I saw this buck at the show in September and he never seemed to leave my mind so I decided just to bite the bullet and get him. He's Kids Corral PT Cruiser. (At least that's what I'm naming him. LOL) He has massive potential and gorgeous udders behind him. Not to mention he's polled and moonspotted too!









While we were there I looked at her doelings for sale but preferred a mature doe so she offered me Kids Corral PB&Abe's Civil War. I couldn't leave without her so here she is too...









I had no intention what so ever to get anymore does but what did I do? Got Civil. Now we're done, just going to get kids born and work on getting some of our herdname in the show ring. Wish us luck!


----------



## StaceyRosado (Oct 5, 2007)

I have heard those words out of your mouth way to many times this year! 

Well you know that i think Civil is beautiful


----------



## fcnubian (Oct 23, 2007)

I love your buck! He's handsome!!!! 

Your doe is pretty to.


----------



## Muddy Creek Farm (Oct 5, 2007)

Now Ashley, I thought we did the "no more black bucks" chant :wink: 

They are beautiful Congrats!


----------



## Sweet Gum Minis (Oct 6, 2007)

I know, what was I thinking??? I needed another buck like a hole in the head. He's going to be used a lot though. Can't wait!


----------



## Muddy Creek Farm (Oct 5, 2007)

I have 4 bucks and five does at the moment :shock: But I am going to pick two more does up and possibly sell one of the does I have now...
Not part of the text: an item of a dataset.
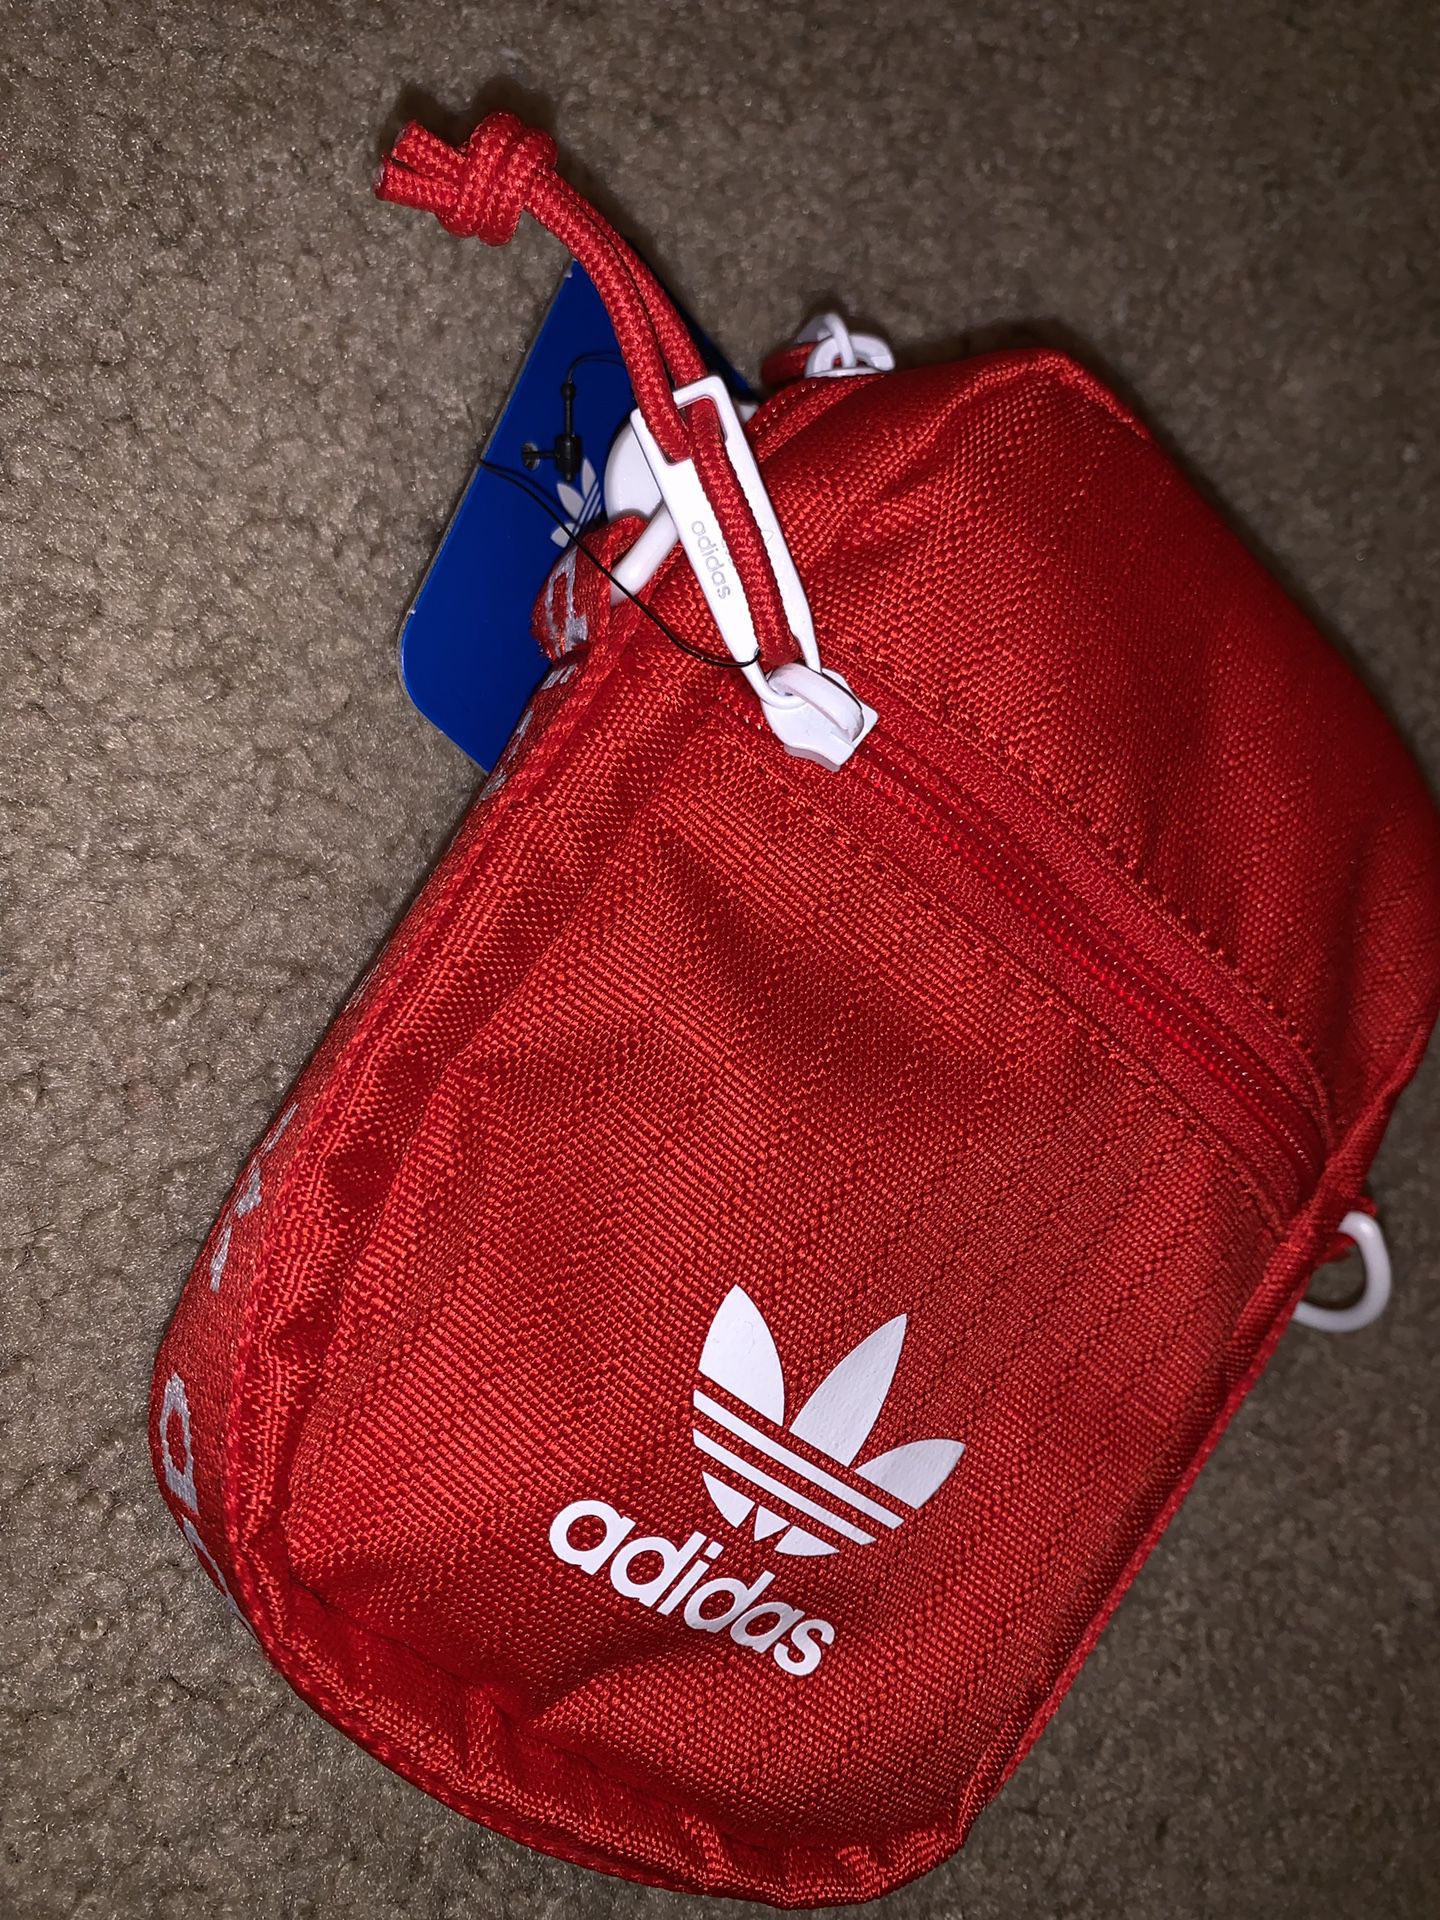 Adidas Crossbody Bag

I saw Civil at a show earlier in the year, but I just saw her in the pen, not in the ring.


----------



## Sweet Gum Minis (Oct 6, 2007)

I have 19 does and 5 bucks. Still too many, but I can't help myself!

Who are you selling? I can't wait to see my babies coming in December!


----------



## Muddy Creek Farm (Oct 5, 2007)

I am selling Beri, bred to Kazam. I am keeping my numbers low so I can keep some of my bucks' babies! I can't wait until kidding season!


----------



## laststraw (Oct 7, 2007)

Ashley, you make me LOL!!! :lol: They are both beautiful and that buck is going to give you some fab kids!


----------



## getchagoat (Julie) (Oct 5, 2007)

Nice udder on your doe and good looking buck. And we think we have too many bucks. 3 to 43 does. Crazy.


----------



## GSFarm (Oct 6, 2007)

I love that doe! She's so pretty!


----------



## hornless (Oct 5, 2007)

Nice looking doe. Kids Corral is awesome. Hey MCF, if you ever sell Upset, coulda let me know? I *almost* bought her when she was for sale, decided against it, and now really want her! Oh, and did you sell Meredith?


----------



## Muddy Creek Farm (Oct 5, 2007)

I'll let you know if we ever do  Yes we sold Meredith, she is now in Fort Meyers Florida.


----------



## Sweet Gum Minis (Oct 6, 2007)

I'm going to keep a few doe kids from each of my bucks too and then some of the older girls might have to go. I am already planning to sell a couple of the first fresheners once they kid out, but we'll have to wait and see who else.


----------



## Muddy Creek Farm (Oct 5, 2007)

I don't have any Does except for Beri that I am planning to sell. I just can NOT wait to see the kids this kidding season!!!! And the show season ) I especially can't wait to see Hollywood's kids!


----------



## fritzie (Oct 6, 2007)

oh i can see why you got them. that doe is great & so is the little buck


----------



## liz (Oct 5, 2007)

They are both sure to add more beauties to your herd...he is a cutie and Civil has a really awesome udder...what color is she? Shaved down like that you can see she is 2 different colors but what 2?


----------